No aspect of biopharma better epitomizes the goals and promise of delivering personalized medicine to treat and perhaps even cure intractable and disabling diseases than the emerging fields of cell and gene therapy. Adding to the excitement surrounding these technology-driven treatment approaches are their recent advance to the marketplace and increasing examples of progress in meeting clinical-scale production and regulatory challenges and achieving commercial success.
The progress and opportunities, obstacles and solutions, and optimistic projections and cautionary portents were all part of the science, technology, economic analysis, and insights presented, debated, and discussed at the recent “Phacilitate Cell & Gene Therapy Forum”.
Mahendra Rao, Ph.D., director of the NIH Center for Regenerative Medicine and head of the Laboratory of Stem Cell Biology at the NIH, led off the meeting and highlighted a key distinction from previous years: the growing number of commercial products now available for regenerative medicine.
Success begets new challenges, however, and Dr. Rao identified some of the issues this new reality is creating for young biotechnology companies.
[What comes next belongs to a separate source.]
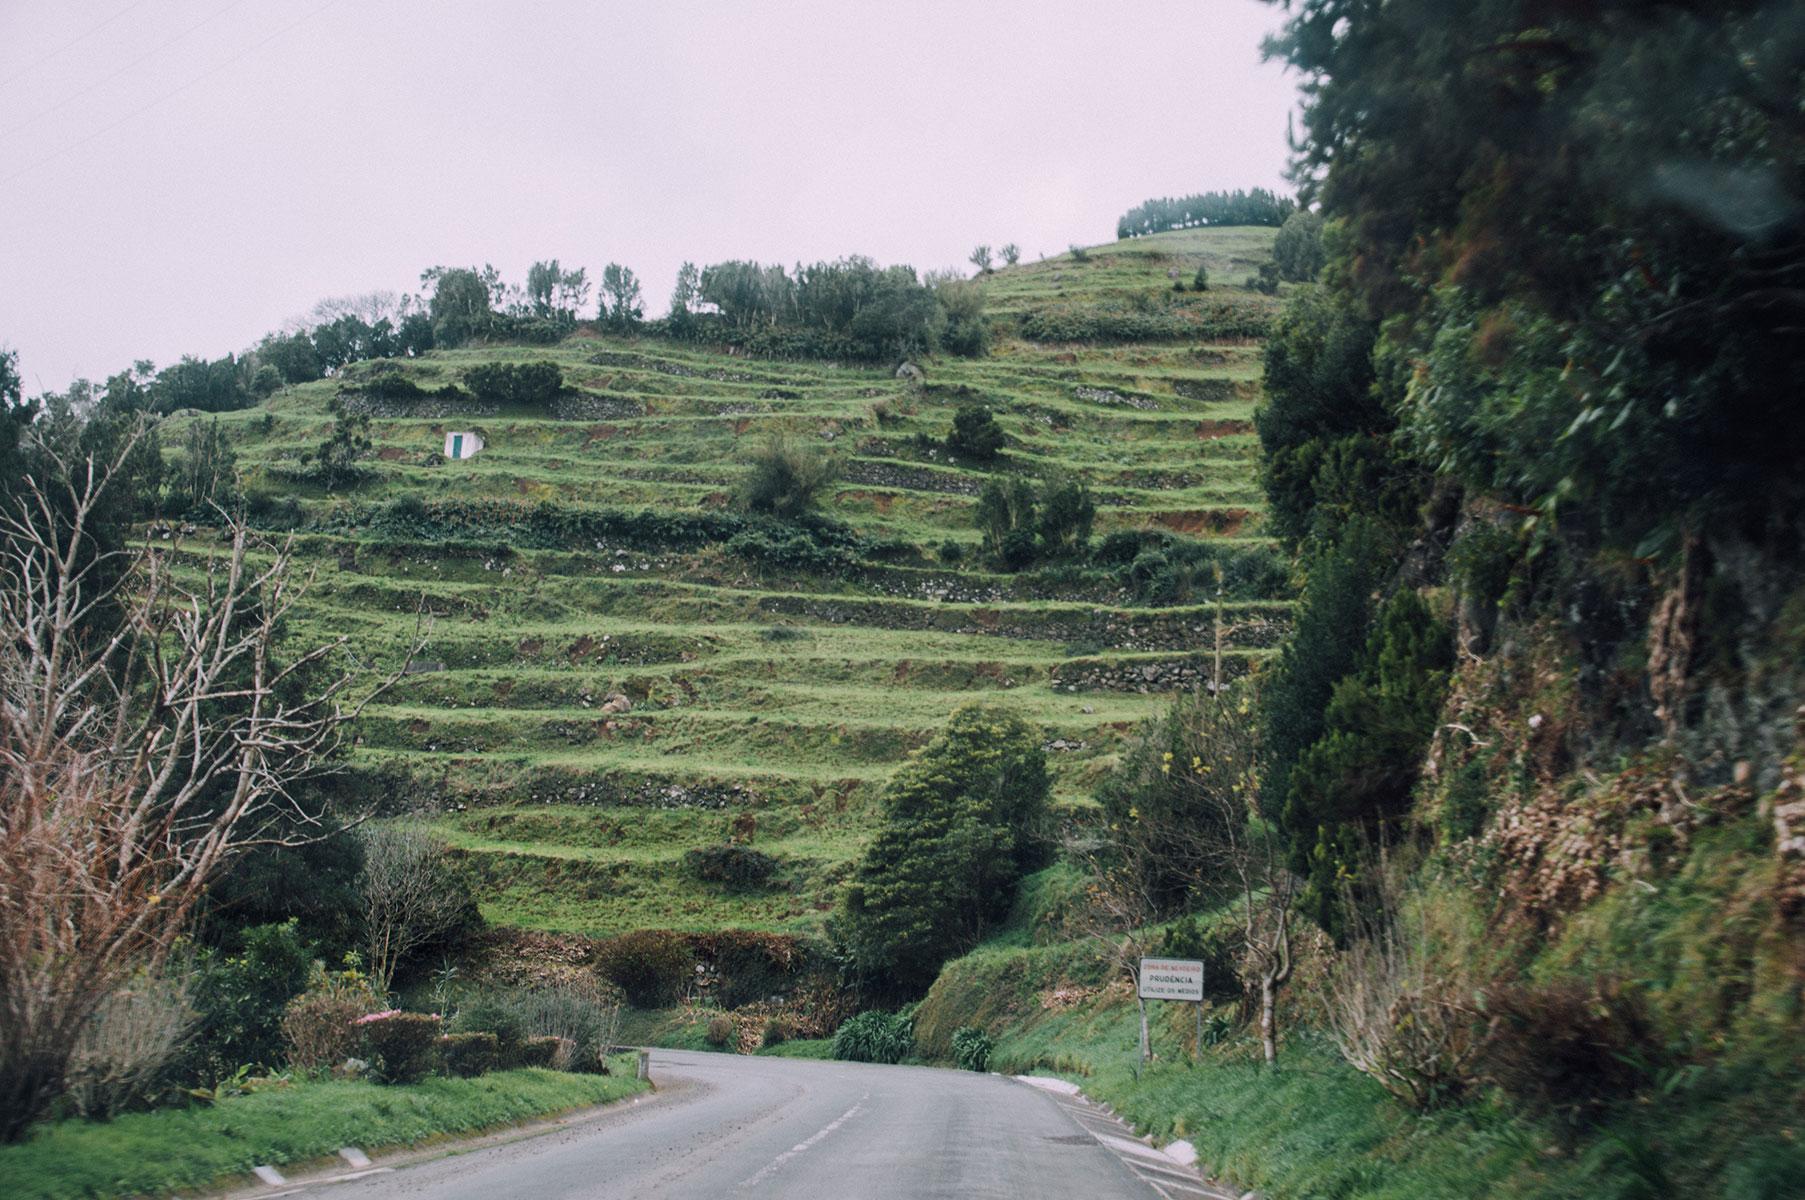 plantation thé sao miguel

These may include how they ship their product, how to make a profit, how to deal with reimbursement and insurance issues, and how to manage competition.
The unique characteristics of cell therapies present new hurdles for this fledgling industry sector: individualized products prepared in small and even single doses; entirely or largely manual processes that need to be automated; and the challenges associated with reducing the cost of goods and leveraging economies of scale.
Other critical factors related to the actual products include storage, transport, time- and temperature-sensitivity, and time-out-of temperature specifications; chain of custody, overall quality control issues; and logistics considerations across the supply chain.
The main take-home message was to start thinking about factors related to commercialization of cell therapy product early in its development, and at every step along the way—including, for example, the potential impact of a change in a process, protocol, raw material, or analytical method.
Also emphasized by several presenters was the inevitable move toward automation, in the short-term at least aimed primarily at allogeneic cell therapies. Automated processing of cells and cell-based products will be essential for achieving optimal quality control and standardization, designing closed, disposable process streams, eliminating the risks associated with manual intervention and open systems, and reducing costs.
Moving to the Market
A roundtable discussion among a group of industry executives who have navigated the process of cell therapy commercialization focused on the question, “what does a commercially successful cell or gene therapy look like?”
One example was CartiStem®, developed by Medipost, and approved in 2011 in Korea for cartilage regeneration in the treatment of traumatic and degenerative osteoarthritis. The product has been used in about 250 patients but is not yet reimbursable. CartiStem is in Phase II trials in the U.S.
John Maslowski, vp scientific affairs at Fibrocell Science, which markets the aesthetic autologous human dermal fibroblast product azficel-T (LAVIV®) to improve the appearance of wrinkles, spoke about the labor-intensive nature of current autologous cell manufacturing processes.
Geoff MacKay, president and CEO of Organogenesis, described the company’s semi-automatic manufacturing process in place to produce its recently approved Gentuit™ product, composed of allogeneic human keratinocytes and fibroblasts, for oral tissue regeneration around teeth and implants.
For TiGenix, key hurdles in bringing to market its ChondroCelect® autologous cartilage product for the repair of single symptomatic defects have included lack of regulatory harmonization, and the need to reduce the cost and increase the effectiveness of therapy.